Zbiory akt bezpieki w IPNZdjęcie: AP

DW: Mówił Pan również o operacjach wręcz przeciwko sobie. Na jakim polu konkurowano?

TJ: W latach 80-tych miała miejsce operacja "Chmura", której celem było podsłuchiwanie ambasady amerykańskiej w Warszawie. Kryptonim był opatrzony cyferką "2" lub "3". Bez tego dodatku za operacją kryło się coś innego, a mianowicie podsłuchiwanie i włamywanie się przez stronę wschodnioniemiecką do polskich rządowych radiolinii. Oficjalnie obie strony deklarowały podsłuchiwanie ambasady. W praktyce Niemcy zatrzymywali najważniejsze informacje dla siebie, a dopiero po ich opracowaniu udzielali przefiltrowanych informacji Polakom. Strona polska także nie wykładała przed NRD wszystkich kart, lecz zatrzymywała informacje dla siebie.

RR: A kto wiedział o sobie więcej? Czy to Polska bardziej korzystała na NRD, czy odwrotnie?

TJ: Z pewnością Niemcy gromadzili więcej informacji, ale często nie potrafili ich analitycznie przerobić. Od połowy lat 80-tych było wiadomo, że w Polsce dokonywać się będzie transformacja ustrojowa, czego nie chciano jednak przyjąć do wiadomości. Większość informacji NRD przekazywała dalej do Moskwy. Polski wywiad ograniczał się natomiast do wąskich zagadnień, które wydawały się ważne. Chciano np. wiedzieć, na ile możliwe było zjednoczenie Niemiec.
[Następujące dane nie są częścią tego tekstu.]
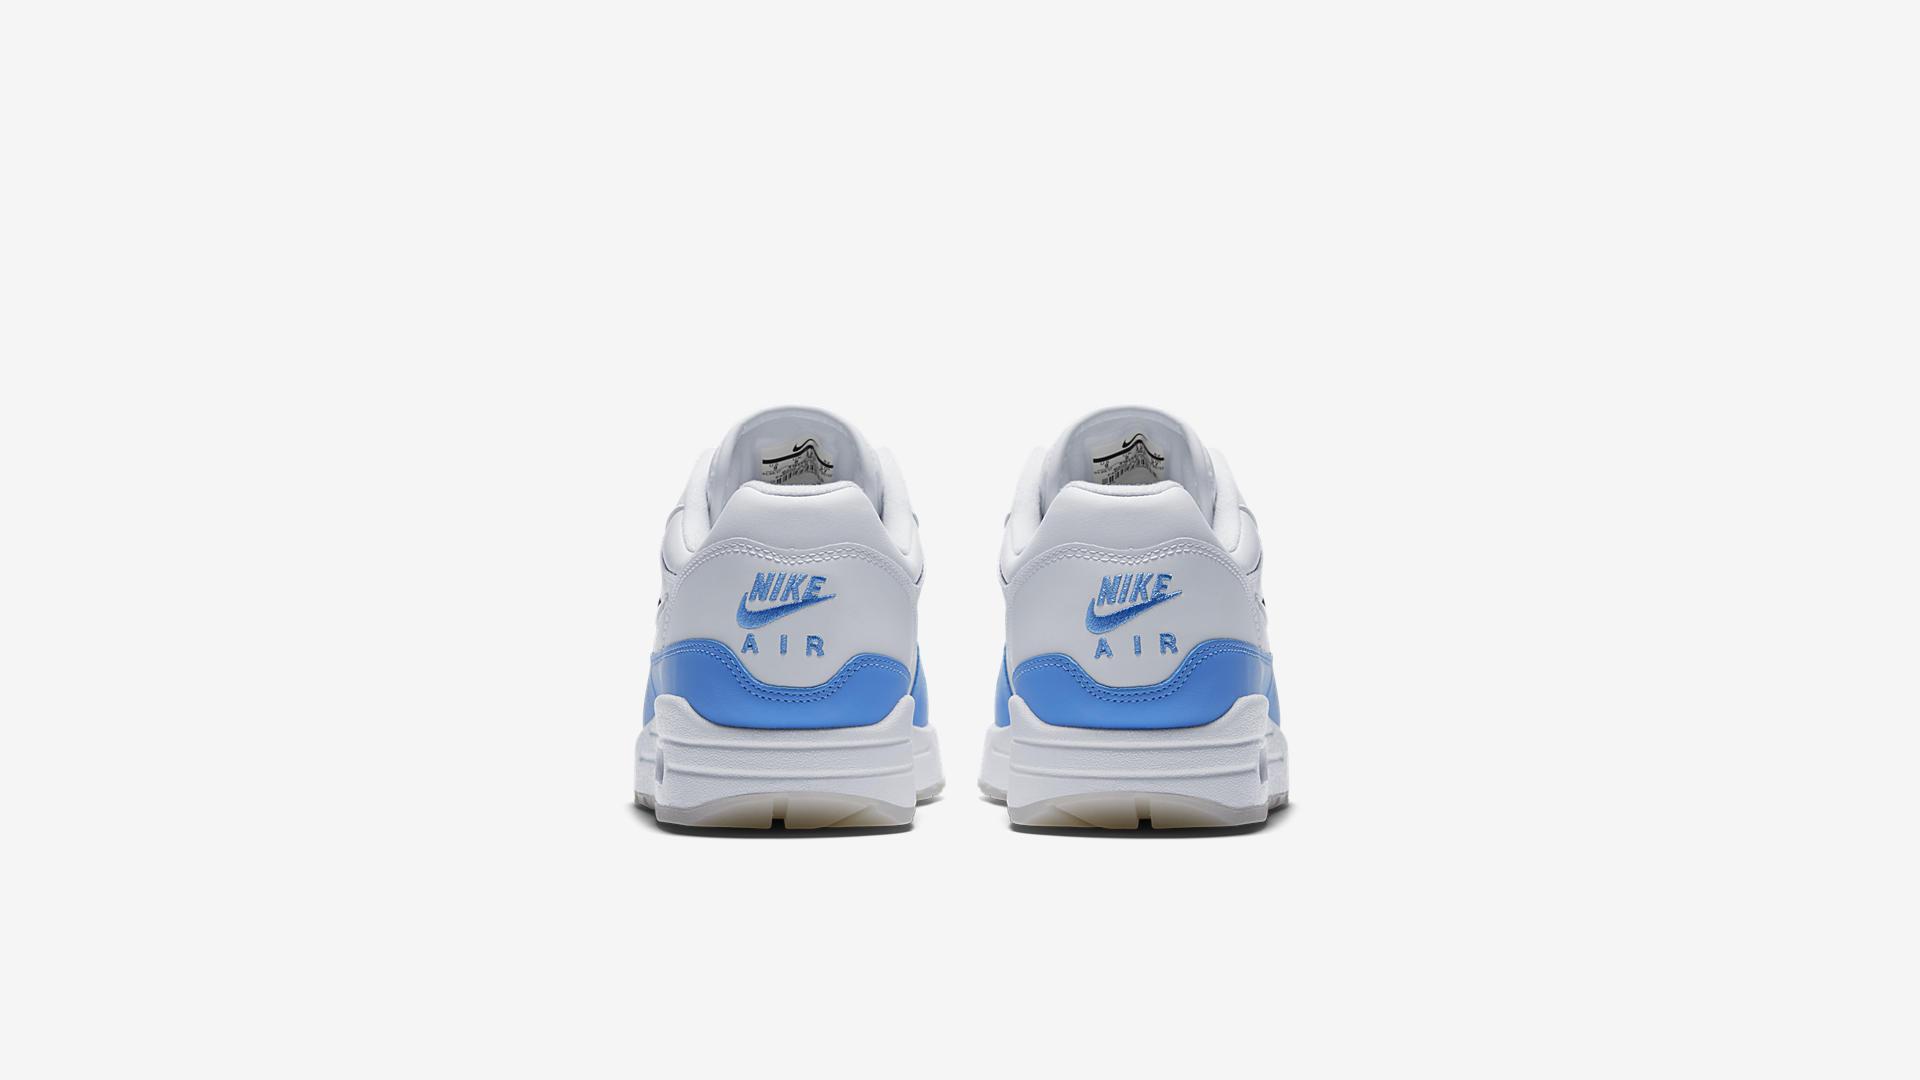 918354 102 Nike Air Max 1 Premium Jewel University Blue 2

Uznawano, że NRD jest buforem, który ma do tego nie dopuścić, więc np. każdy sygnał o nieoficjalnych rozmowach niemiecko-niemieckich był dzwonkiem alarmowym w Warszawie.

DW: A dlaczego właściwie ze sobą konkurowano?

TJ: Przede wszystkim z powodu sprzecznych interesów. Po pierwsze, do 1989 był konflikt graniczny między obydwoma krajami w Zatoce Pomorskiej, a więc chodziło o sprawę bezpośredniej suwerenności terytorium i przesunięcia granicy. Po drugie, obydwa państwa potrzebowały wsparcia politycznego i finansowego z RFN i konkurowały o to wsparcie. Poza tym walczyły też o pierwszą pozycję po ZSRR w Układzie Warszawskim. Było wiele, o co można było między sobą konkurować.

Rozmawiała Róża Romaniec

[No title]

This browser does not support the audio element.

*Tytus Jaskułowski (ur. 1978) jest politologiem i pracownikiem Instytutu Badań nad Totalitaryzmem im. Hanny Arendt w na Uniwersytecie w Dreźnie. Pochodzi z Gdańska. Jest autorem publikacji nt. stosunków NRD i PRL.